When you create a Hive table, the table definition (column names, data types, comments, etc.) are stored in the Hive Metastore. Hive Metastore is critical part of Hadoop architecture as it acts as a central schema repository which can be used by other access tools like Spark, Interactive Hive (LLAP), Presto, Pig and many other Big Data engines.
In HDInsight, we use Azure SQL database as Hive Metastore. Azure SQL DB is relational database-as-a-service (DBaaS) hosted in the Azure and give availability SLA of 99.99.
There are two ways you can setup Metastore for your HDInsight clusters
HDInsight default Metastore – If you don’t provide a custom Metastore option, HDInsight will provision
Metastore with every cluster type. Here are some key considerations with default Metastore
- No additional cost. HDInsight provisions Metastore with every cluster type without any additional cost to you.
- Default Metastore is tied to the cluster life, when you delete the cluster your Metastore and metadata is also deleted
- You cannot share the Default Metastore with additional clusters.
- The default Metastore use Basic Azure SQL DB which gives you 5 DTU [Database Transaction limit]
This is generally good option for relatively simple workload where you don’t have multiple clusters and don’t need metadata preserved beyond the life cycle of the cluster.

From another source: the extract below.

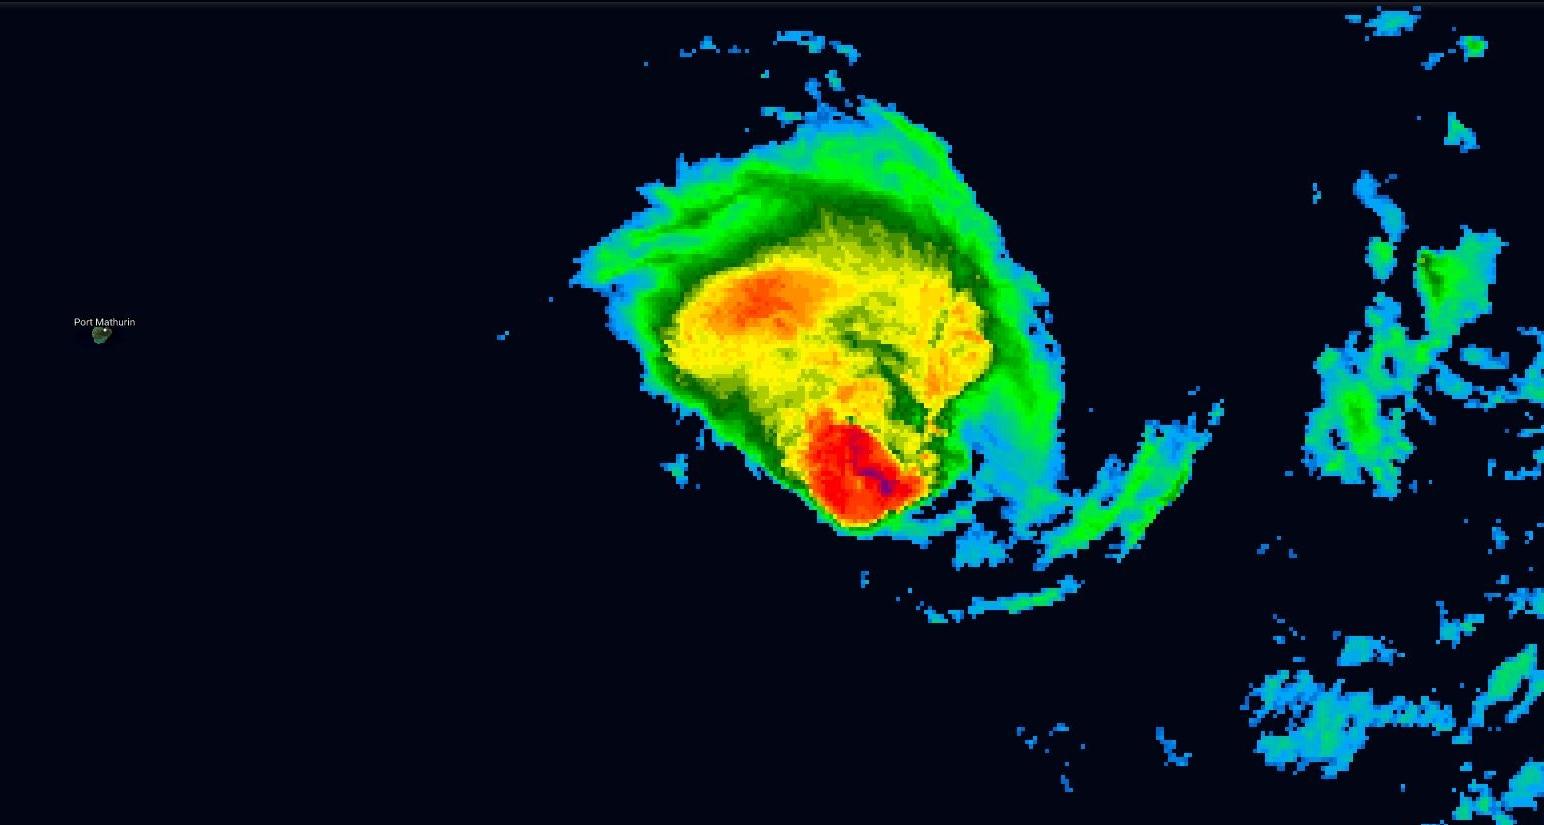 HALEH(17S) perd de sa superbe, photo satellite à midi.

Custom Metastore – HDInsight lets you pick custom Metastore. It’s a recommended approach for production clusters due to number reasons such as
- You bring your own Azure SQL database as Metastore
- As lifecycle of Metastore is not tied to a cluster lifecycle, you can create and delete clusters without worrying about the metadata loss.
- Custom Metastore lets you attach multiple clusters and cluster types to same Metastore. Example – Single Metastore can be shared across Interactive Hive, Hive and Spark clusters in HDInsight
- You pay for the cost of Metastore (Azure SQL DB)
Image – Typical shared custom Metastore scenario in HDInsight
Here are general HDinsight Hive Metastore best practices that you should consider
- Use custom Metastore whenever possible, this will help you separate Compute and Metadata
- Start with S2 tier which will give you 50 DTU and 250 GB of storage, you can always scale the database up in case you see bottlenecks
- Ensure that the Metastore created for one HDInsight cluster version is not shared across different HDInsight cluster versions. This is due to different Hive versions has different schemas. Example - Hive 1.2 and Hive 2.1 clusters trying to use same Metastore.
- Back-up your custom Metastore periodically for OOPS recovery and DR needs
- Monitor your Metastore for performance and availability with Azure SQL DB Monitoring tools [Azure Portal , Azure Log Analytics]
How to select a custom Metastore during cluster creation?
You can easily point your cluster to a pre-created Azure SQL DB during cluster creation as well as after cluster is created. The option is under storage --> Metastore settings while creating a new Hadoop , Spark or Intractive Hive cluster from Azure portal
As discussed above Hive Metastore is critical component of Hadoop and Spark architecture and picking up right Metastore strategy will certainly help you with right Architecture and user experience.